Bloody Chicago weekend raises questions about guns, gangs and morals
No mass killer terrorized the Chicago streets on Easter weekend. But the joyous spring holiday of renewal was anything but tranquil.
At least nine people were killed and 36 others, including children, were shot and wounded. It was the second weekend in a row that at least 36 people were shot in Chicago.
No armor-clad gunman invaded a movie theater. No gunman went into an elementary school, killing 20 children and six educators. No white supremacist opened fire on places associated with Jewish activities.
Instead, the deadly toll in Chicago was the stuff out of which the piece-meal urban tragedy is made -- just more so.
Over the weekend, police reported deaths from typical blotter material:
There was an attempted car robbery, a domestic quarrel that turned into a murder-suicide involving armed law enforcement officials, a dispute that began with heated words on Facebook and a group of children in a playground as bullets flew from a car in which the gunman was looking for members of an opposing gang.
The five children shot in that incident, ranging from 11 to 15, were not even members of a gang, their relatives said. [Updated 12:11 p.m. PDT April 22: Through Sunday, at least 48 youths age 16 or younger have been shot in Chicago this year, a Chicago Tribune analysis found.]
“Every child deserves a childhood, regardless of where they live,” Mayor Rahm Emanuel told reporters. “But to do that, our city and community, the neighborhoods that make up this city, cannot live by a code of silence. They have to live by a moral code.”
The mayor dismissed one theory that crime increases as the weather warms because more people frolic outdoors. “Now I’ve read some of this,” Emanuel said, “and I just want to say this, when some people go: ‘Well, it’s the weather.’ It’s whether you have values.”
In addition to the values question -- whether schools and families are doing enough to instill a moral code in the young -- the latest wave of violence has sparked a renewal of questions about guns and gangs, both problems in many cities.
Police Supt. Garry McCarthy said a bloody holiday weekend doesn’t wipe out the gains the city has made in curbing gun violence. Chicago killings reached their high of 516 in 2012 -- the second time homicides surpassed 500 since 2003. Last year, the number of killings dropped to 415, the lowest total in the city in nearly half a century, according to government statistics.

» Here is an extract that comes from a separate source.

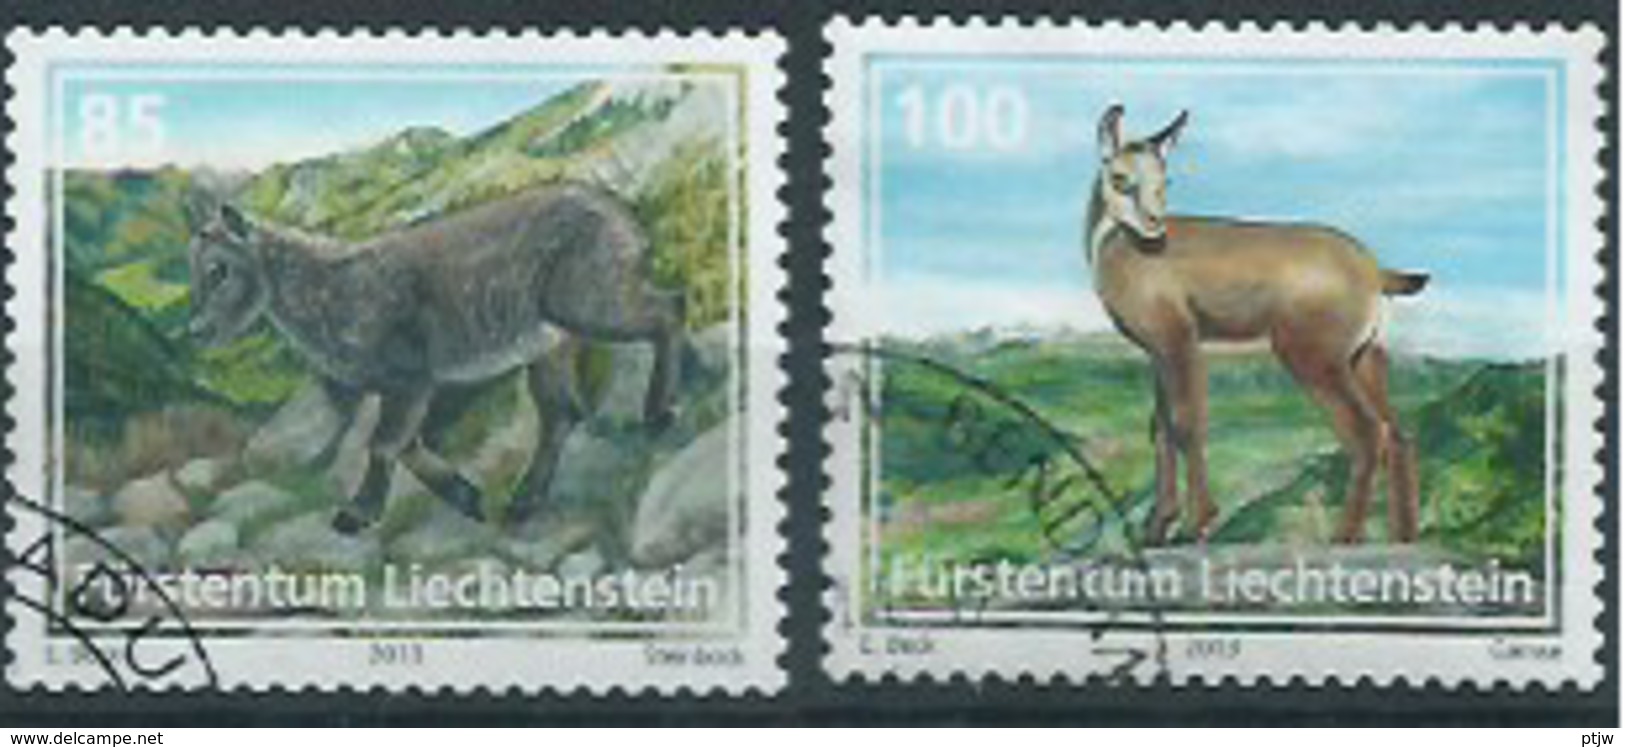 Stamp Of Liechtenstein 2013: Animals 0.85 + 1.00 Used - Nature - Animaux - Oblitere - Usados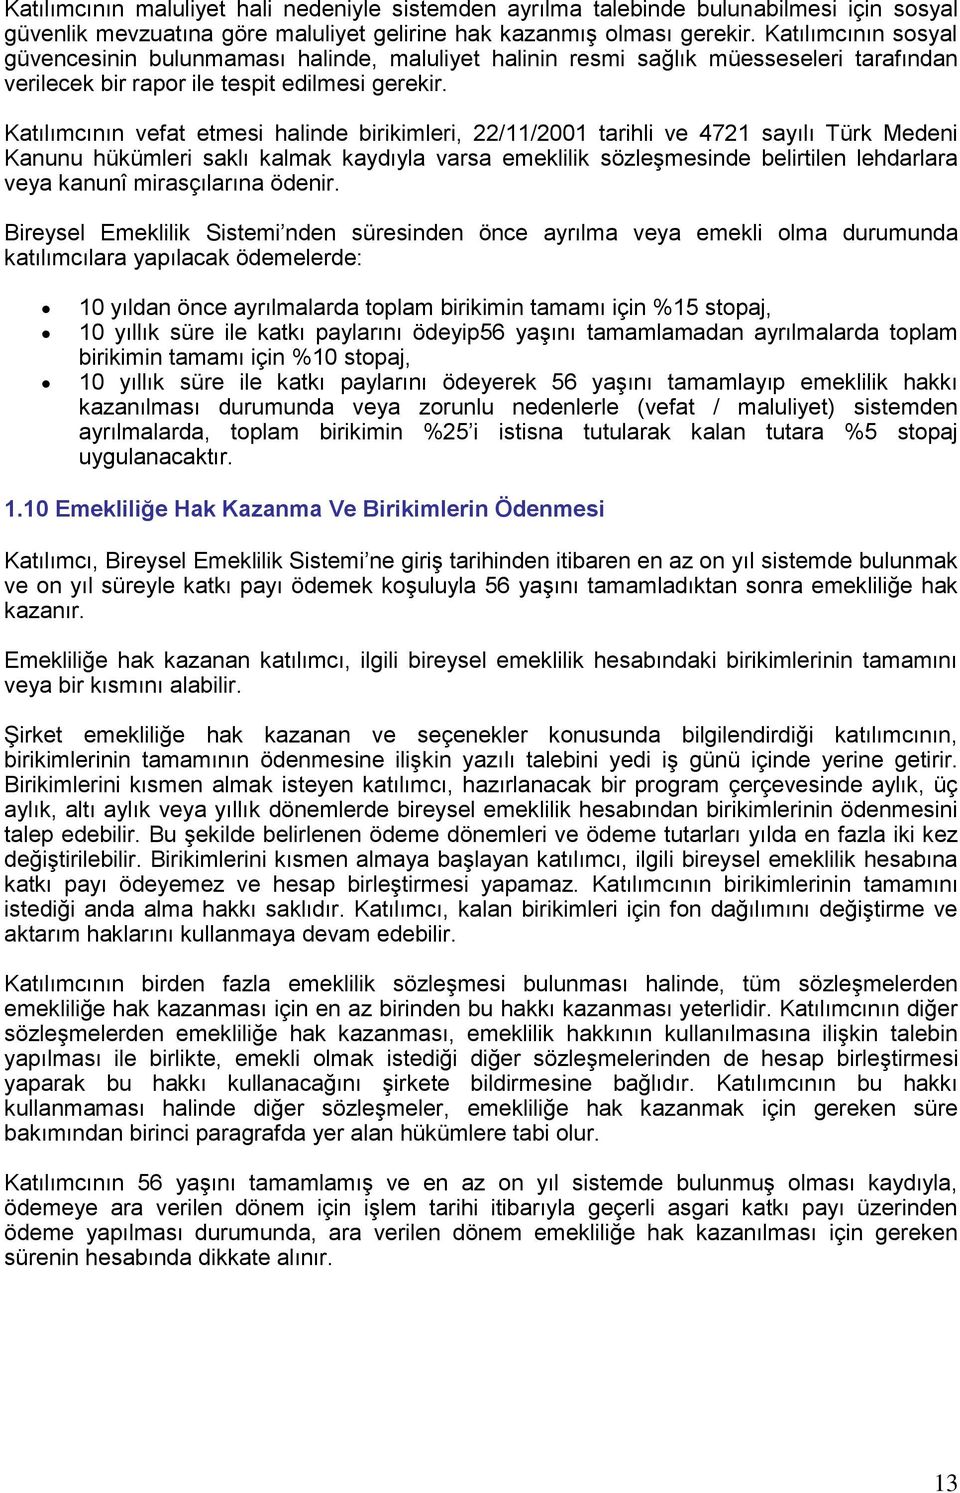 Katılımcının vefat etmesi halinde birikimleri, 22/11/2001 tarihli ve 4721 sayılı Türk Medeni Kanunu hükümleri saklı kalmak kaydıyla varsa emeklilik sözleşmesinde belirtilen lehdarlara veya kanunî

“This doesn’t wipe out what has happened over the last two years, and this is a conversation that we’ve had time and time again,” McCarthy told reporters on Monday morning. “There’s no magic formula here. We have a plan, we have a strategy, and it’s hard work. That’s what it is.… It’s a day-by-day, minute-by-minute grind, and we’re into busy season. That’s what it is.”
The superintendent said the vast majority of shootings in Chicago are gang-related. But there is also the question of the availability of guns. For some, fewer legal guns would mean fewer shooting crimes. Opponents argue restrictions on weapons would violate constitutionally protected rights.
McCarthy repeatedly has urged state lawmakers to enact mandatory minimum sentences for repeat gun offenders. Such legislation is moving through the state legislative process with no guarantee of passage.
“We can do things to improve what’s happening, but until such time as we get some help with the gun laws in the state of Illinois, we’re up against it. We’re drinking from a fire hose,” McCarthy said.
[For the Record, 12:16 p.m. PDT April 22, 2014: An earlier version of this story misstated the number of dead children. Five children were shot and wounded, not killed, in one incident.]